Scalable electronic readout design for a 100 ps coincidence time resolution TOF-PET system

Abstract

We have developed a scalable detector readout design for a 100 ps coincidence time resolution (CTR) time of flight (TOF) positron emission tomography (PET) detector technology. The basic scintillation detectors studied in this paper are based on 2 × 4 arrays of 3 × 3 × 10 mm³'fast-LGSO:Ce' scintillation crystals side-coupled to 6 × 4 arrays of 3 × 3 mm²silicon photomultipliers (SiPMs). We employed a novel mixed-signal front-end electronic configuration and a low timing jitter Field Programming Gate Array-based time to digital converter for data acquisition. Using a²²Na point source, >10 000 coincidence events were experimentally acquired for several SiPM bias voltages, leading edge time-pickoff thresholds, and timing channels. CTR of 102.03 ± 1.9 ps full-width-at-half-maximum (FWHM) was achieved using single 3 × 3 × 10 mm³'fast-LGSO' crystal elements, wrapped in Teflon tape and side coupled to a linear array of 3 SiPMs. In addition, the measured average CTR was 113.4 ± 0.7 ps for the side-coupled 2 × 4 crystal array. The readout architecture presented in this work is designed to be scalable to large area module detectors with a goal to create the first TOF-PET system with 100 ps FWHM CTR.

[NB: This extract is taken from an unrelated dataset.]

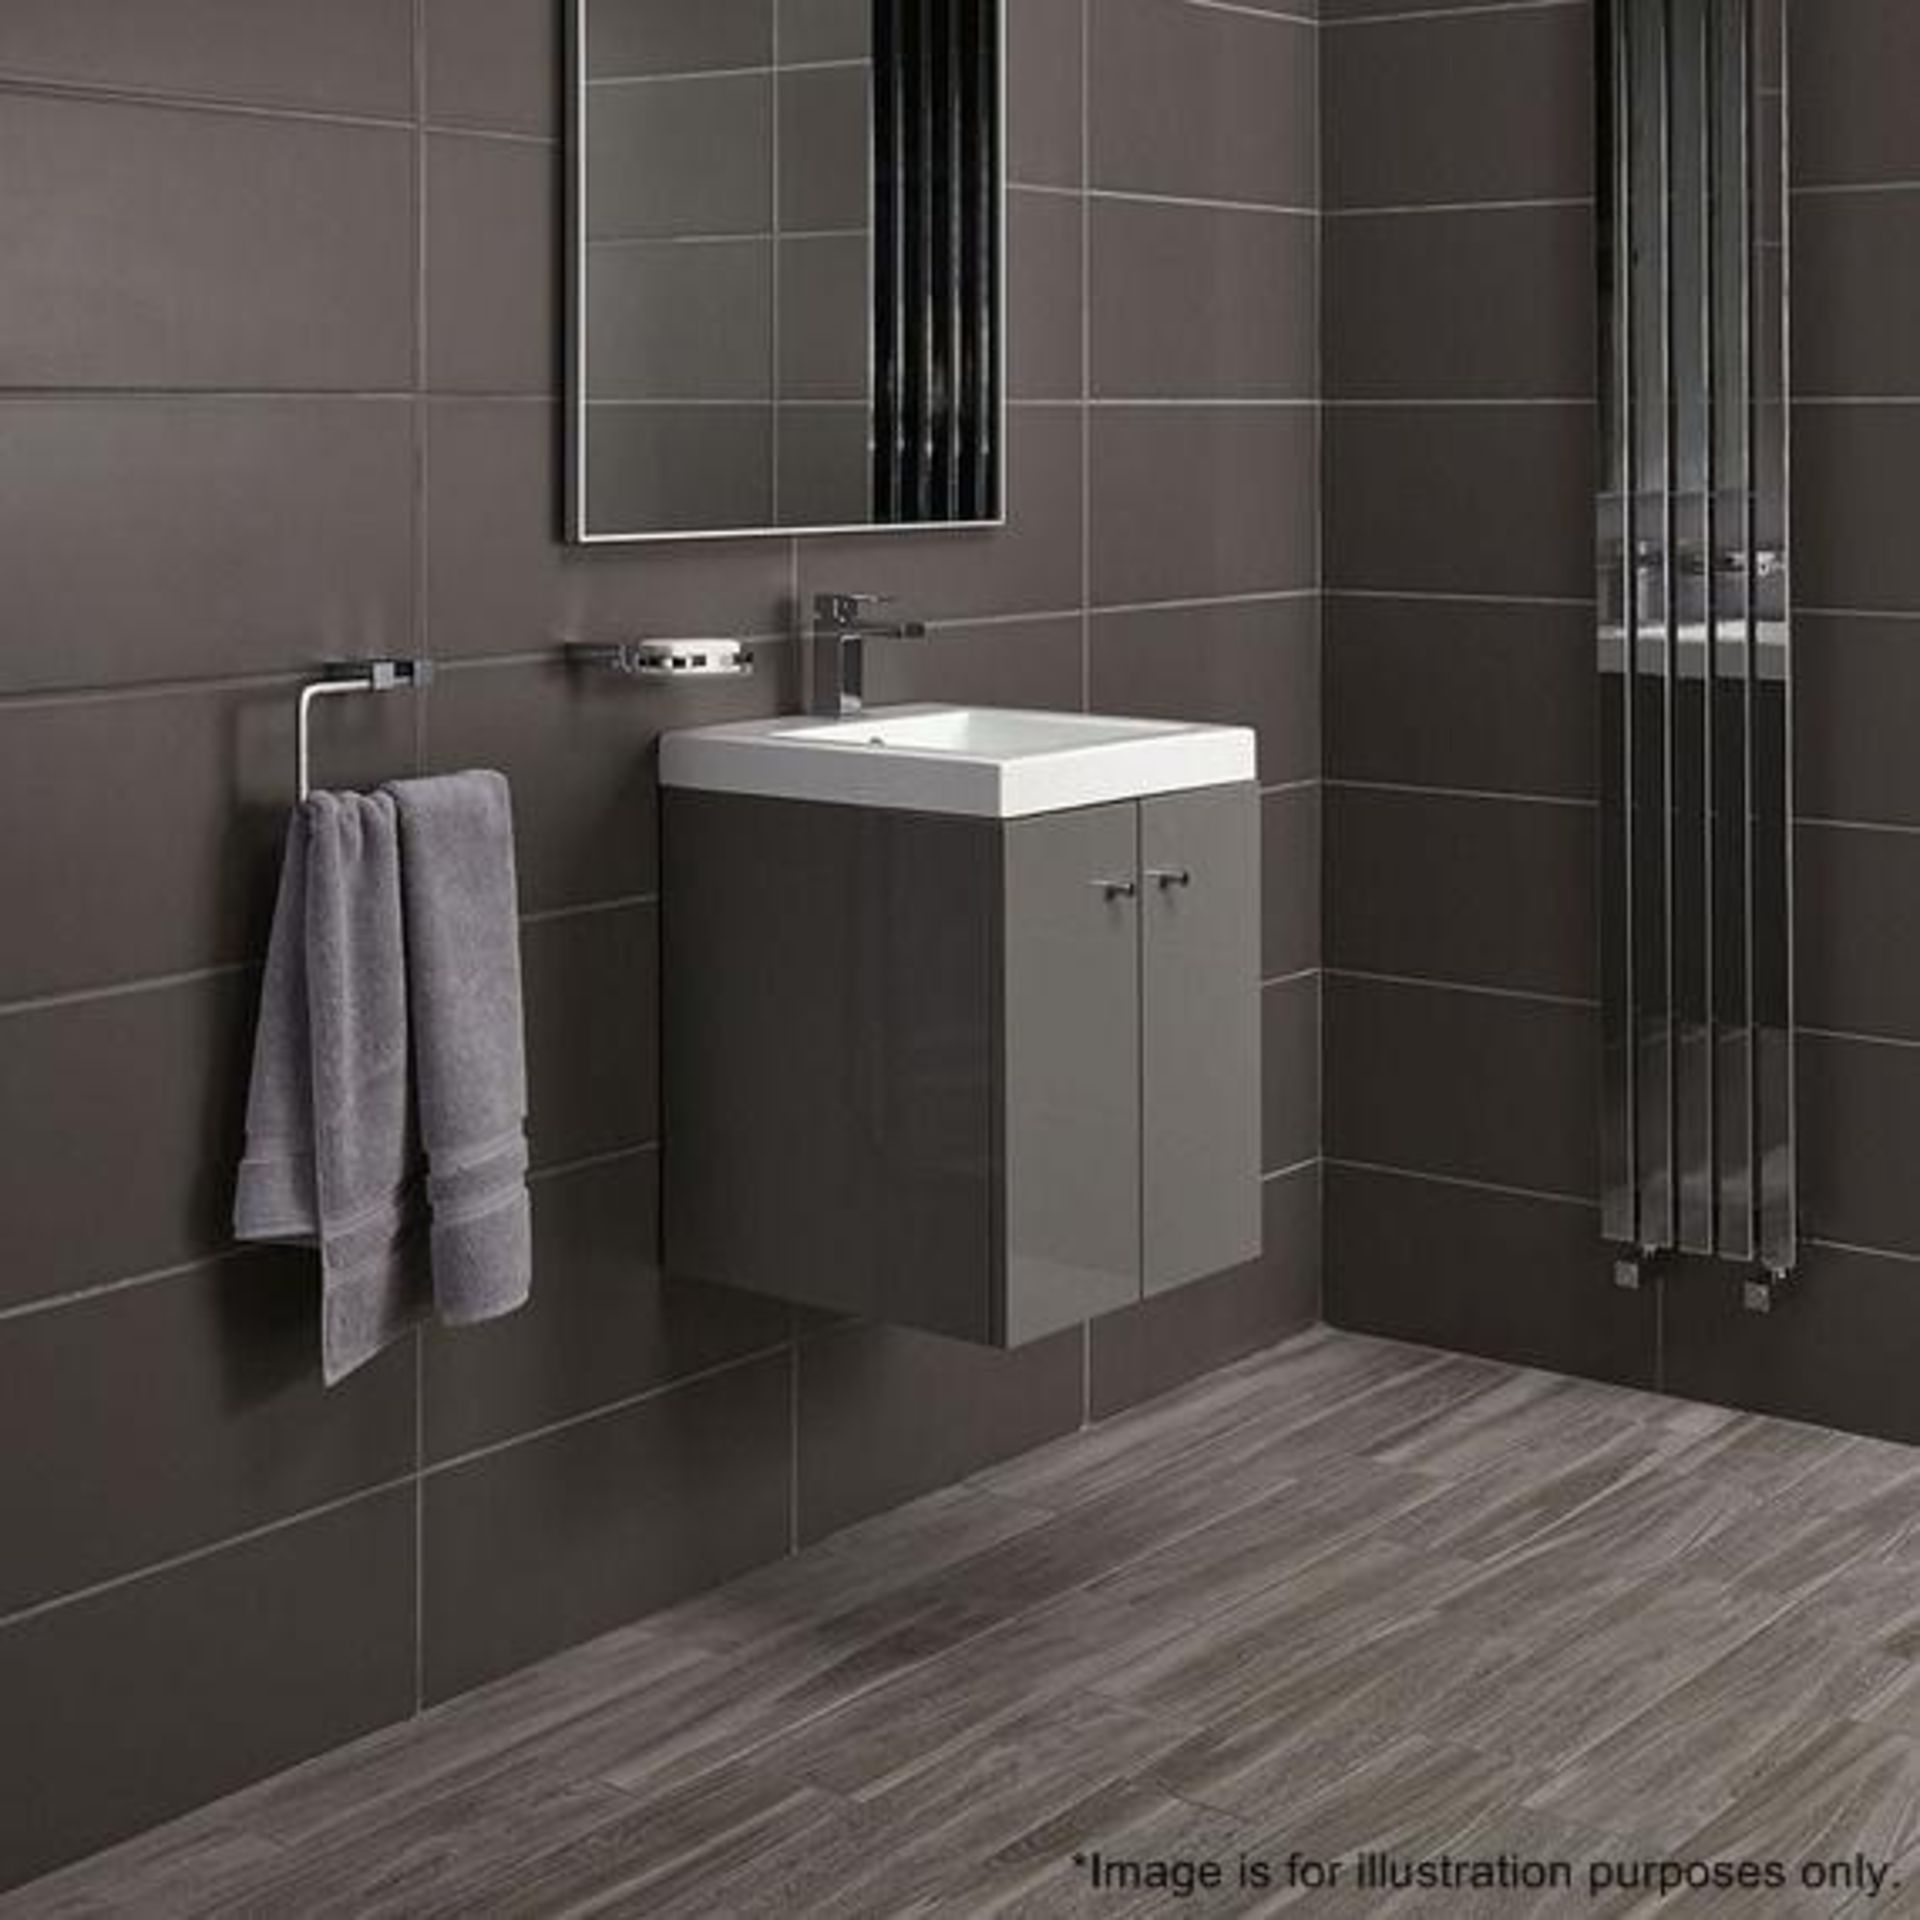 10 x Alpine Duo 400 Wall Hung Vanity Units In Gloss Grey - Brand New Boxed Stock - Dimensions: H49 x - Image 2 of 5

Keywords: FPGA-based TDC; coincidence time resolution; front-end electronics; positron emission tomography; scintillation crystal; silicon photomultipliers; time-of-flight.

Figure 1.

Crystal to photosensor coupling: (a) Conventional end-readout configuration. (b) Side readout configuration used in this study.

Figure 2.

Schematic of concept for a detector module that achieves ~100 ps CTR. From left to right: Single side-coupled detector layer; Sub-module, and full detector module design we employ to build a full 100 ps CTR TOF-PET system.

Figure 3.

Prototype mixed-signal electronic readout and data acquisition scheme for our proposed TOF-PET detectors: (a) Schematic and (b) implementation of electronic readout and data acquisition. (c) Experimental coincidence setup using two 2 × 4 arrays of 3 × 3 × 10 mm³ fast-LGSO crystal elements coupled to a 6 × 4 array of 3 × 3 mm² SiPMs. This configuration of two rows of 10 mm crystals creates an effective crystal length of 20 mm needed for clinical PET systems.

Figure 4.

Coincidence experimental setup to enable testing the robustness of performance for different NINO channels.

Figure 5.

Single photon charge spectrum (SPCS, shown in blue) of amplified timing signal for our prototype TOF-PET detector. The amplified timing signal is shown in red; the x-axis is the time (ns) and y-axis is its amplitude (mV).

Figure 6.

(a)CTR for different SiPM bias and NINO threshold. (b) An example of detector coincidence energy spectra (left) and time spectrum (right) at positive NINO threshold of $V_{\text{th}}^{+}=1.45\mathrm{V}$, optimum SiPM bias 31.5 V, and FPGA energy threshold of E_th = 0.45 V.

Figure 7.

Calibrated TOT-based energy spectra of the detectors (data acquired in singles mode).

Figure 8.

Average CTR values at optimum SiPM biasing of 31.5 V and for different positive NINO thresholds achieved using 2 × 4 arrays of 3 × 3 × 10 mm³ chemically etched fast LGSO:Ce crystals arrays coated with 260 μm thick BaSO₄.

Figure 9.

CTR values across several NINO channels at 31.5 V optimum SiPM biasing. Note that ‘CH_M,N’ are the two NINO channels M and N used in different coincidence measurements presented.